In 2000, a controversy was created when former Texas Secretary of State David Dean requested to add a 400-foot extension on to his home, including space for a closet. The Dallas Landmark Commission refused to allow Dean to make the addition in August 2000. The Dallas City Council, on October 4, 2000, approved his request. Then-mayor Ron Kirk, later mayor Laura Miller, and Councilman John Loza opposed the request. Council members Leo Chaney, Jr., and Donna Blumer recused themselves from the votes citing unspecified conflicts stemming from their relationships with parties in the dispute. Dean, who later chaired the North Texas Crime Commission, served as counsel to Texas Governors William P. Clements, Jr., and Dolph Briscoe.

In 1997, the Dallas Observer ran a multi-page article discussing an attempted coup d'état of the Swiss Avenue Historic District Association's leadership, and controversies surrounding the Swiss Avenue Women's Guild.

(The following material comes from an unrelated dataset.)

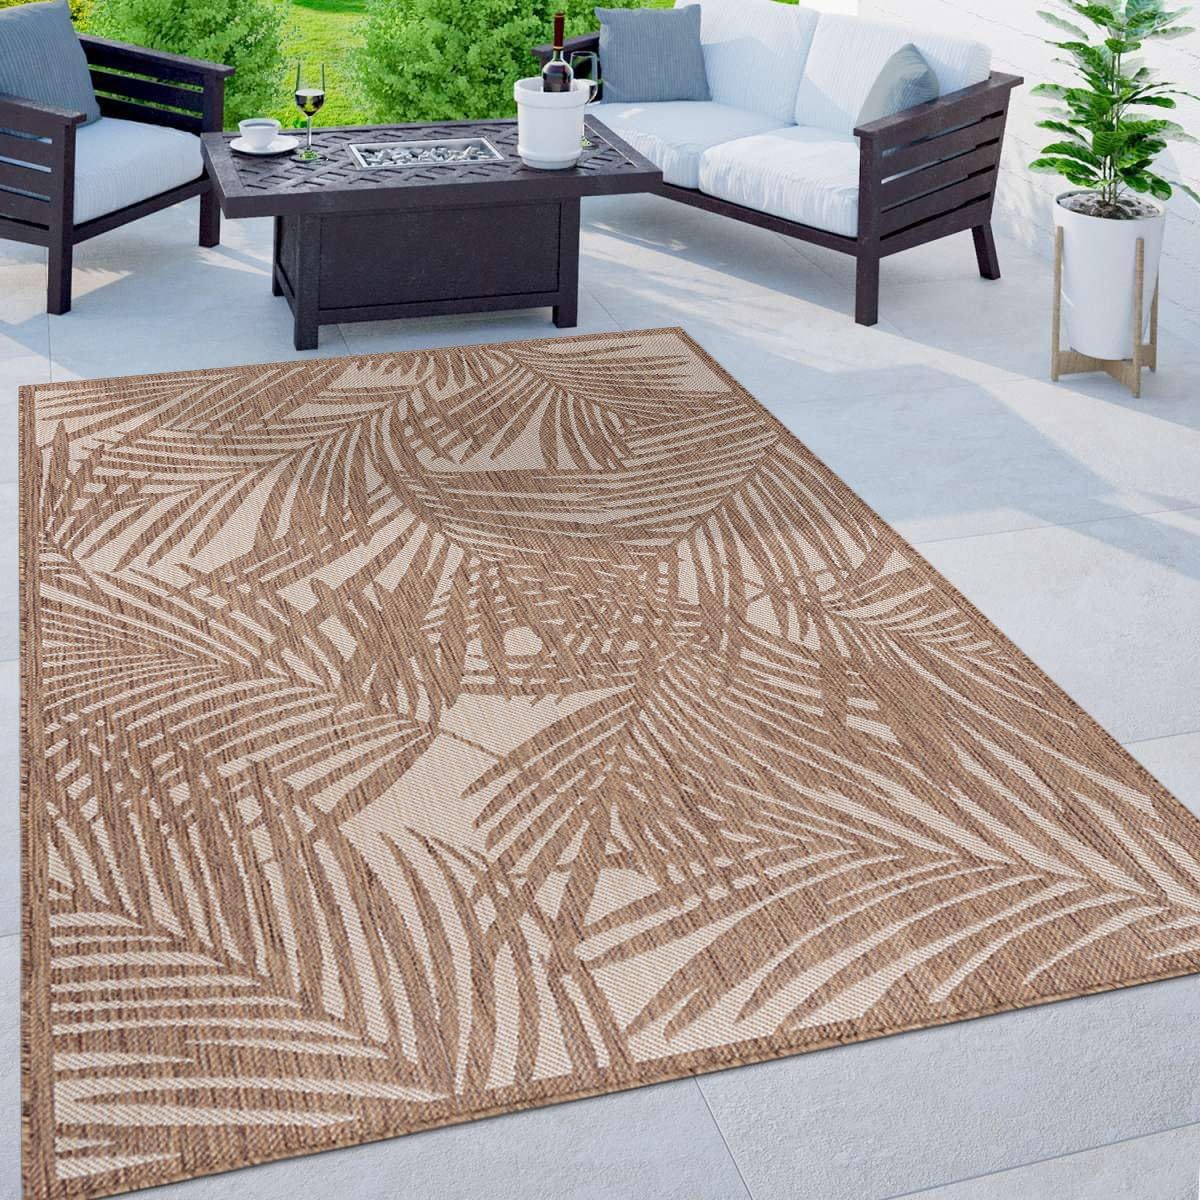 Rugshop Contemporary Palm Leaf Textured Flat Weave Easy Cleaning Outdoor Rugs for Deck,Patio,Back... | Amazon (US)

in 1973, the old Terrill Preparatory School home at 4217 Swiss had several mysterious fires, and was a "haven for hippies and transients," and some area residents wanted the house demolished. Also in 1973, a state district judge ordered the city to issue a building permit to a high-rise apartment builder wishing to construct apartments at Swiss Avenue and Collett Streets. The city had denied the permit, because of the expectation that the area was being made in to a historic district. The city appealed the case.